DocketNumber: Docket 78-1024, 78-1025
Citation Numbers: 286 N.W.2d 879, 93 Mich. App. 605, 1979 Mich. App. LEXIS 2466
Judges: Gillis, Beasley, Ransom
Filed Date: 10/17/1979
Status: Precedential
Modified Date: 10/19/2024
Michigan Court of Appeals.
Frank J. Kelley, Attorney General, Robert A. Derengoski, Solicitor General, William L. Cahalan, Prosecuting Attorney, Edward Reilly Wilson, Principal Attorney, Appeals, and Maura D. Corrigan, Assistant Prosecuting Attorney, for the people.
Jack Jaffe and Howard Hertz, for defendant.
Before: J.H. GILLIS, P.J., and BEASLEY and R.M. RANSOM,[*] JJ.
PER CURIAM.
Defendant was convicted by a jury of two counts of criminal sexual conduct in the third degree, MCL 750.520d; MSA 28.788(4), and one count of assault with intent to commit criminal sexual conduct, MCL 750.520(g)(1); MSA 28.788(7)(1). He was sentenced to prison terms of 3 to 15 years on the first two counts and 3 to 10 years on the assault count. Defendant appeals as of right raising two issues for our consideration.
*607 Defendant first contends it was error to admit into evidence certain clothing which was seized without a search warrant.
The police arrested defendant on October 12, 1977, and took him to the police station. The arresting officer, believing defendant's underwear contained evidence, ordered defendant to disrobe and took his undershorts. Chemical analysis revealed blood stains of blood type A as well as seminal fluid ascertained to have come from a person with blood type A. Both defendant and the complaining witness had blood type A. Moreover, the complaining witness testified she started menstruating heavily immediately after defendant had intercourse with her.
In United States v Edwards, 415 U.S. 800; 94 S. Ct. 1234; 39 L. Ed. 2d 771 (1974), the defendant was arrested for attempted breaking and entering. The attempted entry had been made through a wooden window leaving paint chips on the window sill and screen. The defendant's clothes were seized the morning after the arrest and examination revealed paint chips matching samples taken from the window.
In upholding the validity of the warrantless seizure, the Court stated that the police were entitled to take any evidence of the crime in his immediate possession, including his clothing. 415 U.S. at 806. The Court also noted that the police had probable cause to believe that the articles of clothing were themselves material evidence of the crime for which he had been arrested.

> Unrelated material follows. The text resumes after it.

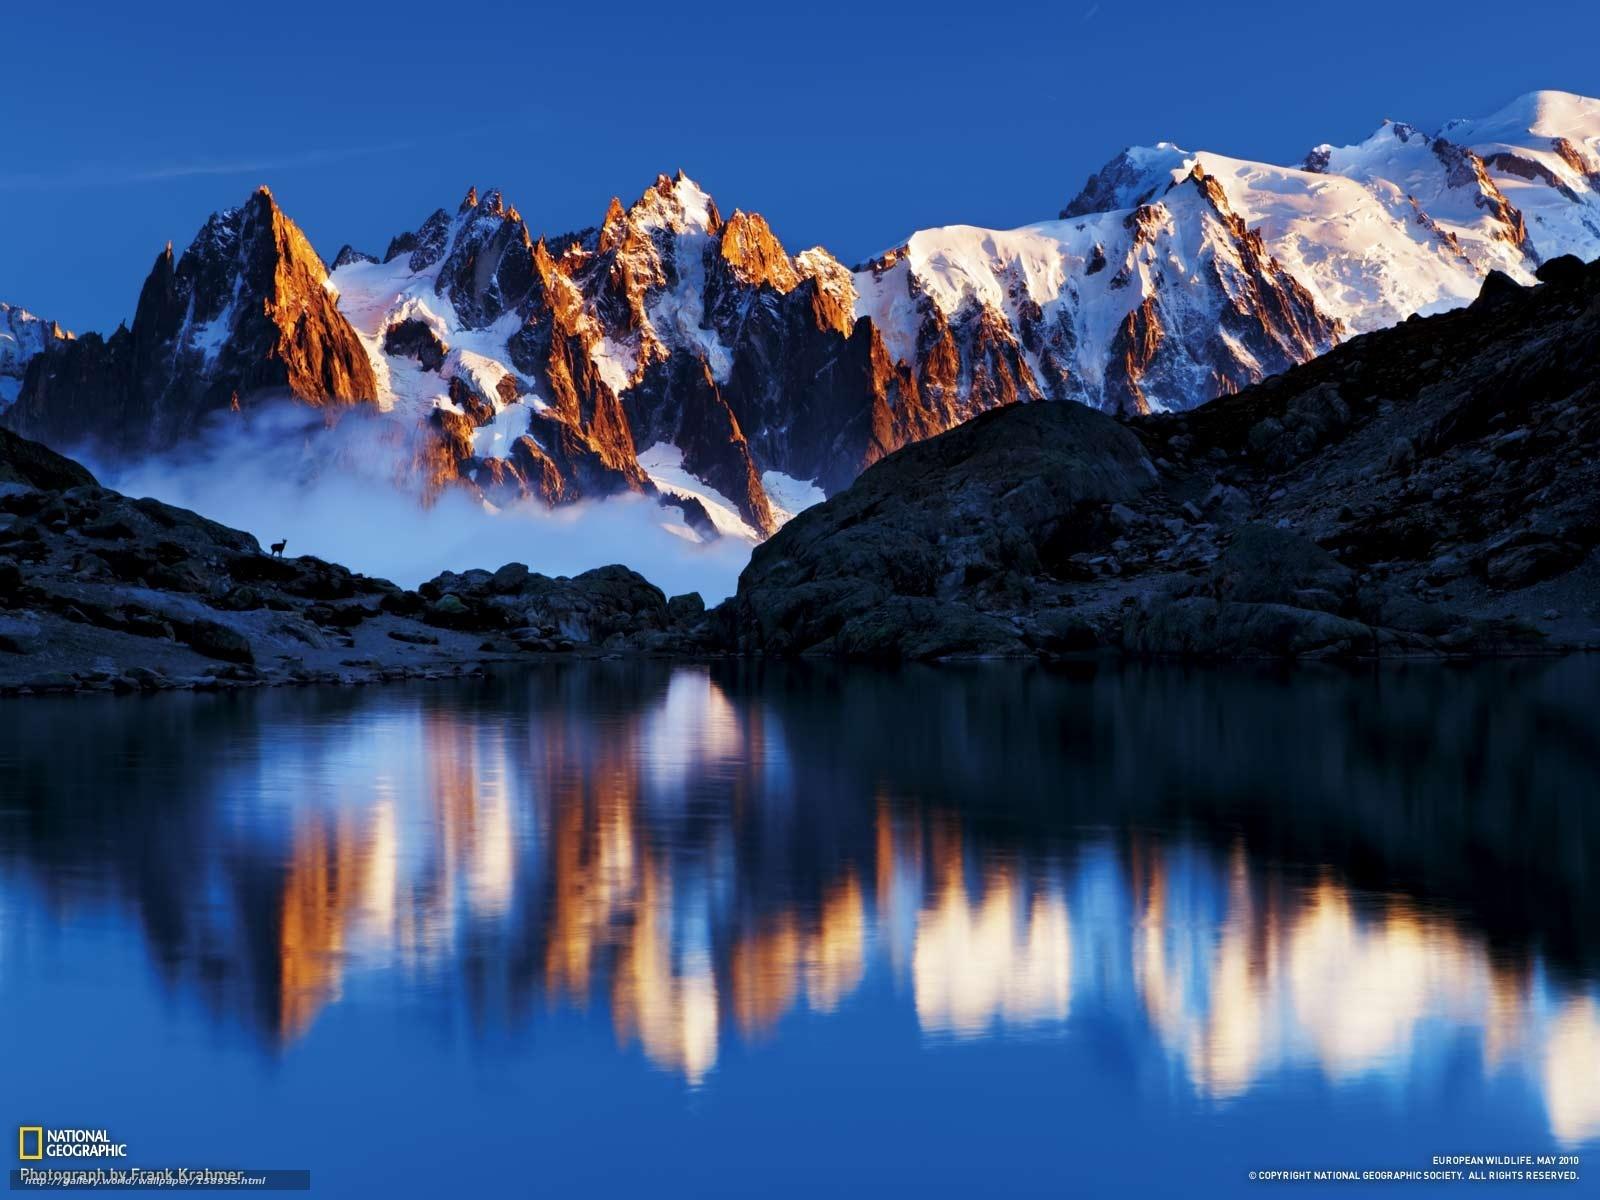 Tlcharger fond d 39 ecran montagnes neige eau rflexion for Fond ecran montagne

Defendant's arguments that Edwards is distinguishable from the instant case are without merit.
Defendant also contends that even if the underpants were legally seized, admission of laboratory analysis of the blood type into evidence should *608 have been denied since the evidence was more prejudicial than probative. Defendant argues that the blood sample on the underpants, although of the same type as the complainant's, was an extremely common type.
We do not believe the trial court abused its discretion in admitting this evidence. While evidence of matching blood types has been held inadmissible to prove paternity, People v Nichols, 341 Mich. 311; 67 NW2d 230 (1954), Shepherd v Shepherd, 81 Mich. App. 465; 265 NW2d 374 (1978), it has been admitted in criminal cases without comment. See, e.g, People v Lapsley, 26 Mich. App. 424; 182 NW2d 601 (1970), People v Terry, 80 Mich. App. 299; 263 NW2d 352 (1977), People v McNeill, 81 Mich. App. 368; 265 NW2d 334 (1978). In addition, in Anno: Blood Grouping Tests, 46 ALR2d 1000, it is reported that the results of blood grouping tests are generally admissible in criminal prosecutions on the question of whether particular blood was the blood of a specified individual, although insufficient to establish identity in the absence of additional evidence on the issue. The fact that the blood type is a common one affects the weight and not the admissibility of the evidence.
In the instant case there was evidence that the complaining witness started menstruating immediately after the act and she identified the defendant as the perpetrator of the act. Under these circumstances we do not believe the trial court abused its discretion in admitting the evidence.
Affirmed.
[*] Circuit judge, sitting on the Court of Appeals by assignment.